There are four steps to get the desired responses.

Inference

  • Step1: Run run_llm.py to get the basic results

    python run_llm.py --source data/nq_sample.jsonl --ra none --type prior --outfile ./examples/test.jsonl --model chatgpt
    • You can specify --type [qa/qa_explain/qa_cot/qa_gene/prior/prior_punish/prior_explain/prior_pun_exp/prior_cot/prior_gene]
  • Note

    • The desired format of the response is [Answer, Confidence]. For example, when the question is What is the capital of Chain, we expect the response to be "Beijing, Certain"
    • LLMs might produce responses that don't adhere to the expected format. It could simply provide the answer Beijing or the confidence Uncertain.
    • We perform post-processing to obtain the desired output format.

Post-process & Evaluate

  • Step2: Get the indices of samples that do not match the expected output format.

    python collect.py --mode preprocess --source ./data/nq_sample.jsonl --input ./examples/test.jsonl --output ./examples/test_new.jsonl --confidence ./examples/confidence.jsonl --answer ./examples/answer.jsonl --model chatgpt
  • Step3: Generate the missing results for these samples.

    python run_llm.py --source data/nq_sample.jsonl --ra none --type qa --outfile ./examples/post_answer.jsonl --idx ./examples/answer.jsonl --model chatgpt
    
    python run_llm.py --source ./examples/test.jsonl --ra none --type post --outfile ./examples/post_confidence.jsonl --idx ./examples/confidence.jsonl --model chatgpt
    • If a strategy including punish (i.e., prior_punish/prior_pun_exp) is used during inference, --type should be set to post_punish.
  • Step4: Merge results and evaluate

    python collect.py --mode evaluate --source ./data/nq_sample.jsonl --input ./examples/test.jsonl --output ./examples/test_new.jsonl --confidence ./examples/post_confidence.jsonl --answer ./examples/post_answer.jsonl

RAG

Static RAG

python run_llm.py --source data/nq_sample.jsonl --ra [sparse/dense/gold] --type qa --outfile ./examples/test_gold_static.jsonl --model chatgpt
  • For NQ, you can also specify --ra dpr as the gold documents. (We do this in our paper)

Adaptive RAG

There are also four steps. The steps are very similar to Inference.
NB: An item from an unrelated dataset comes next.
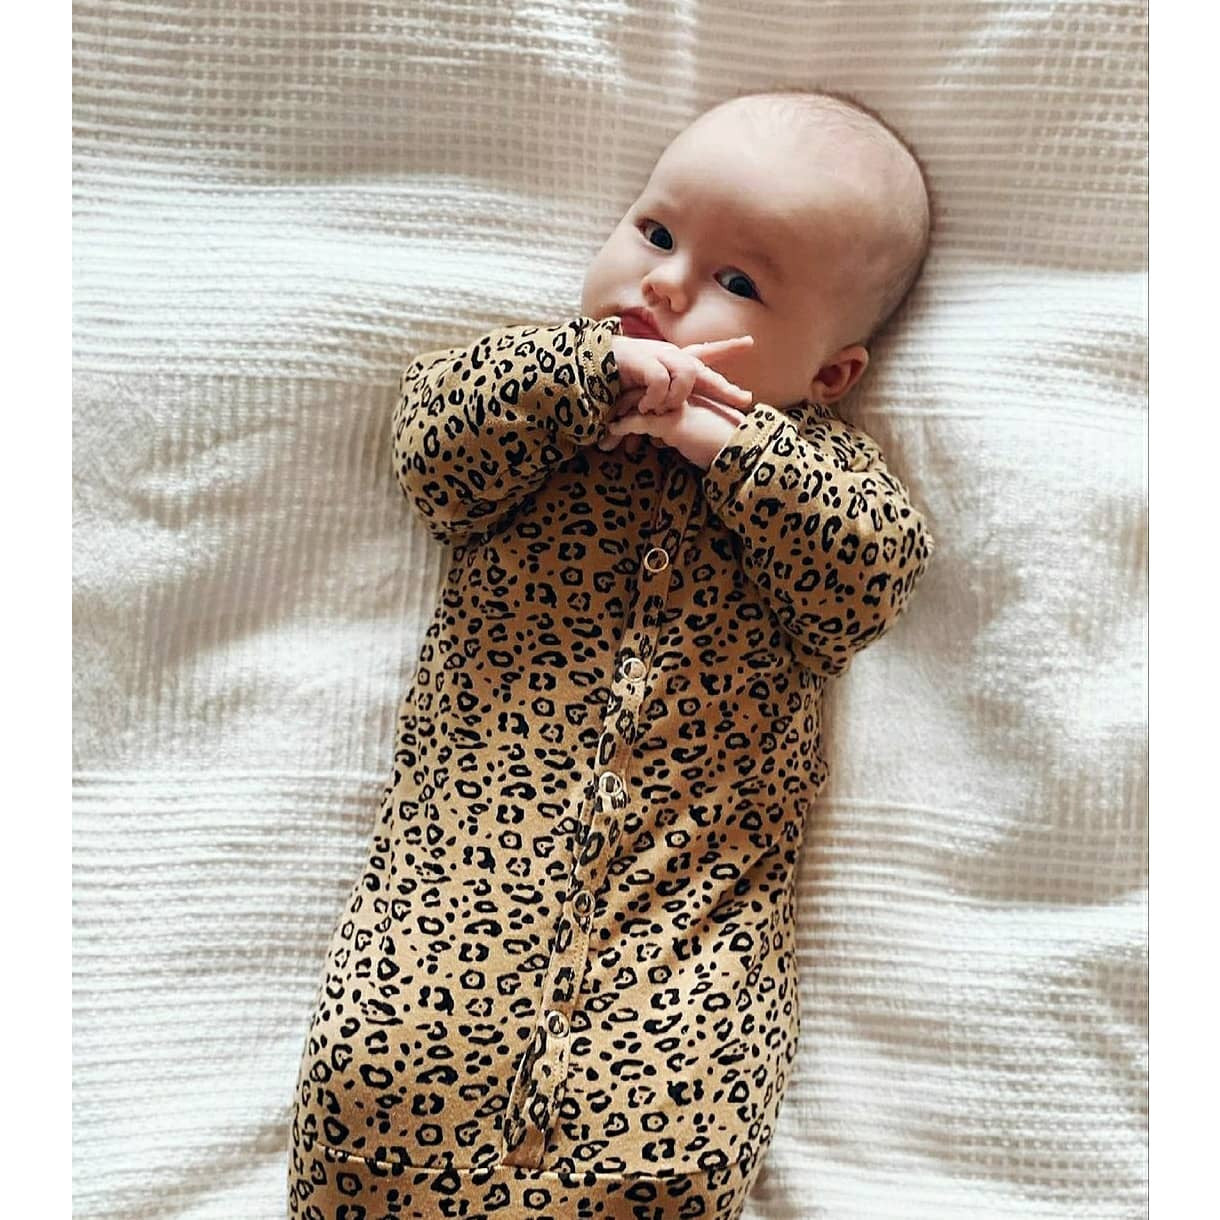 Buy DPSKY Infant Baby Girl Boy Cotton Sleeper Gown Knotted Pajamas Newborn  Sleepwear Sleeping Bag with Headband&Hat at Amazon.in

  • Step1: Run run_llm.py to get the basic results

    • Specify --ra [sparse/dense/gold] (dpr for NQ is ok)
  • Step2: Get the indices of samples that do not match the expected output format.

    • The same
  • Step3: Generate the missing results for these samples.

    • Specify --ra
  • Step4: To be continued

Note

You can find necessary commands in scripts/ and the demo data in examples/

The repository is continuously being updated.

Feel free to propose any issue.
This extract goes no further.